To find out more about the find-command used here, please reference https://unix.stackexchange.com/a/240424/364705

#!/bin/bash
lastrun=''
while true; do
  read -r newer older <<< \
    $(find . -type f -exec stat -c '%Y %n' {} \; \
    | sort -nr \
    | awk 'NR==1,NR==2 {print $2}'\
    | xargs )

  if [ "$newer" == "$lastrun" ]; then
    :
  else
    if ! cmp "$newer" "$older" > /dev/null ; then
      base64 "$newer"| tr -d '\n' | sed '$ a \'
      lastrun="$newer"
    fi
  fi
done

And a solution using inotify-wait:

#!/bin/bash
lastfile=''
inotifywait -m /path/to/somewhere -e close -e moved_to |
while read path action file; do
  if [ "$lastfile" != '' ];then
    if ! cmp "${path}$file" "${path}${lastfile}" > /dev/null  ; then
    base64 "${path}${file}"
    fi
  fi
    lastfile="$file"
done
9
  • This works.

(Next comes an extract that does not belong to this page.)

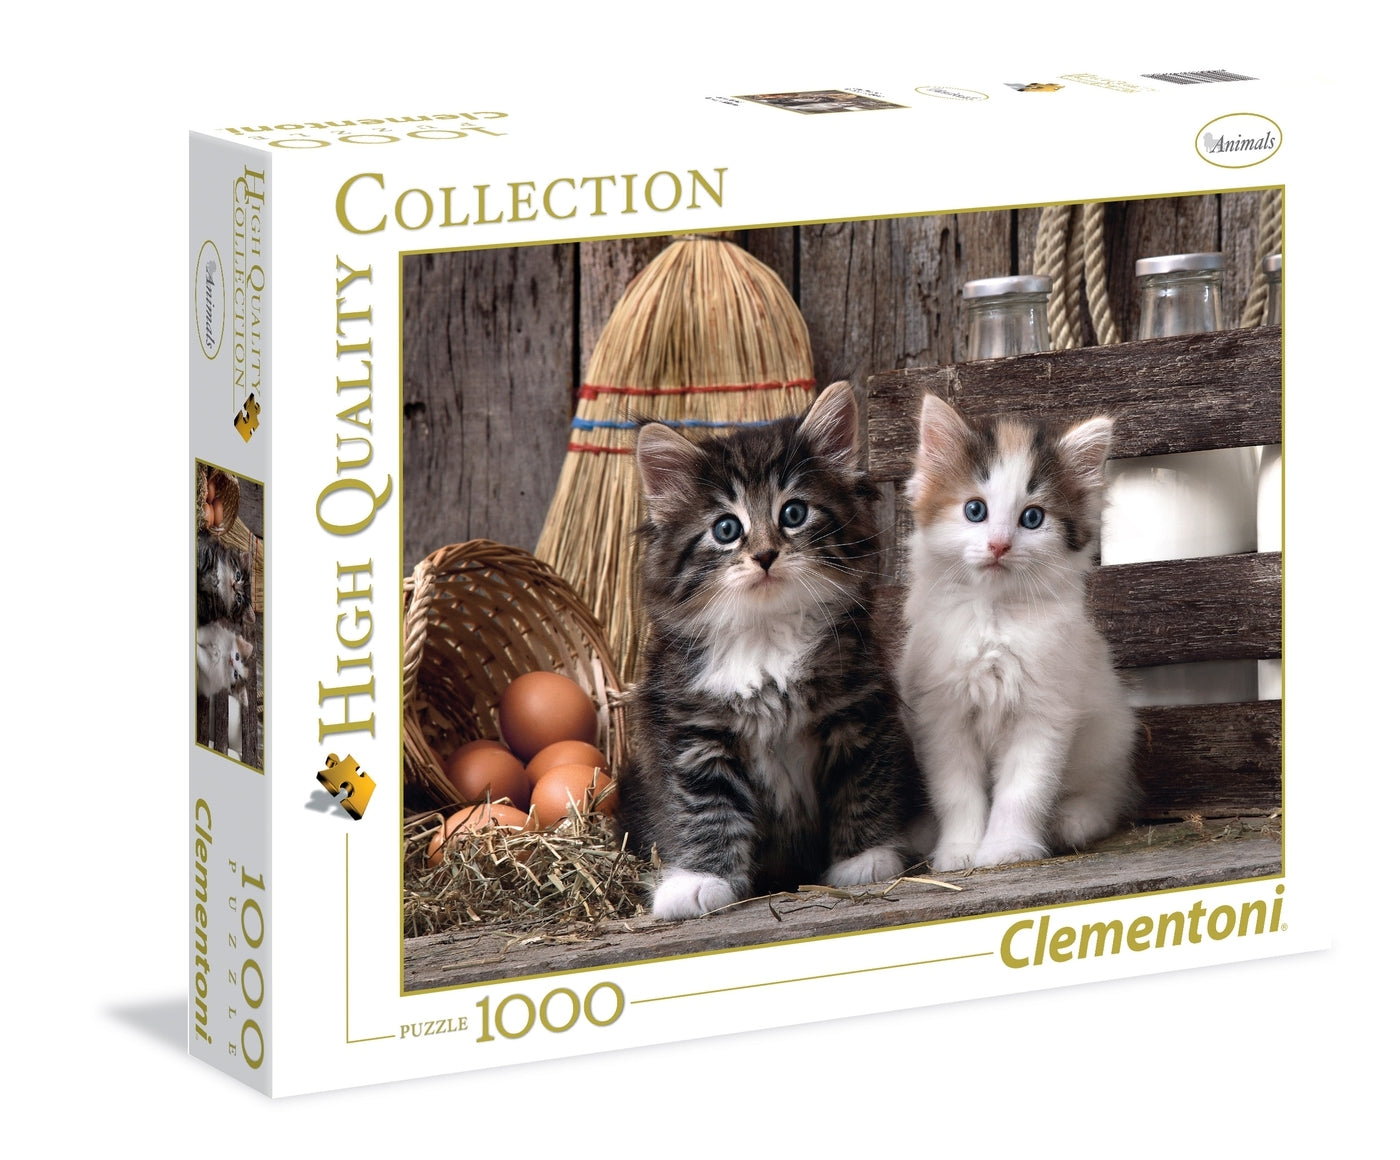 Clementoni: Lovely Kittens (1000pc Jigsaw)

However, when the file amount in the folder goes around over 1000 it appears to skip 1-3 files per second. Is this a performance limitation of find? Aug 20, 2019 at 14:00
  • Could be a shell-script isn't fast enough if the files are coming quickly. If you do not have any subdirectories in the directory where you are running this, then you can drop the find..-exec and just do stat -c '%Y %n' * instead. That should be faster.
    – markgraf
    Aug 20, 2019 at 14:06
  • If that still isn't fast enough, maybe look into inotifywait to trigger an action whenever a file is created/moved_to your directory.
    – markgraf
    Aug 20, 2019 at 14:22
  • It doesn't appear to be working without the find part. I already wrote a prototype for inotifywait, but still need to format it properly. Aug 20, 2019 at 14:23
  • $(stat -c '%Y %n' * | sort -nr ... instead of $(find . -type f -exec stat -c '%Y %n' {} \; | sort -nr .... But only if there are no subdirs.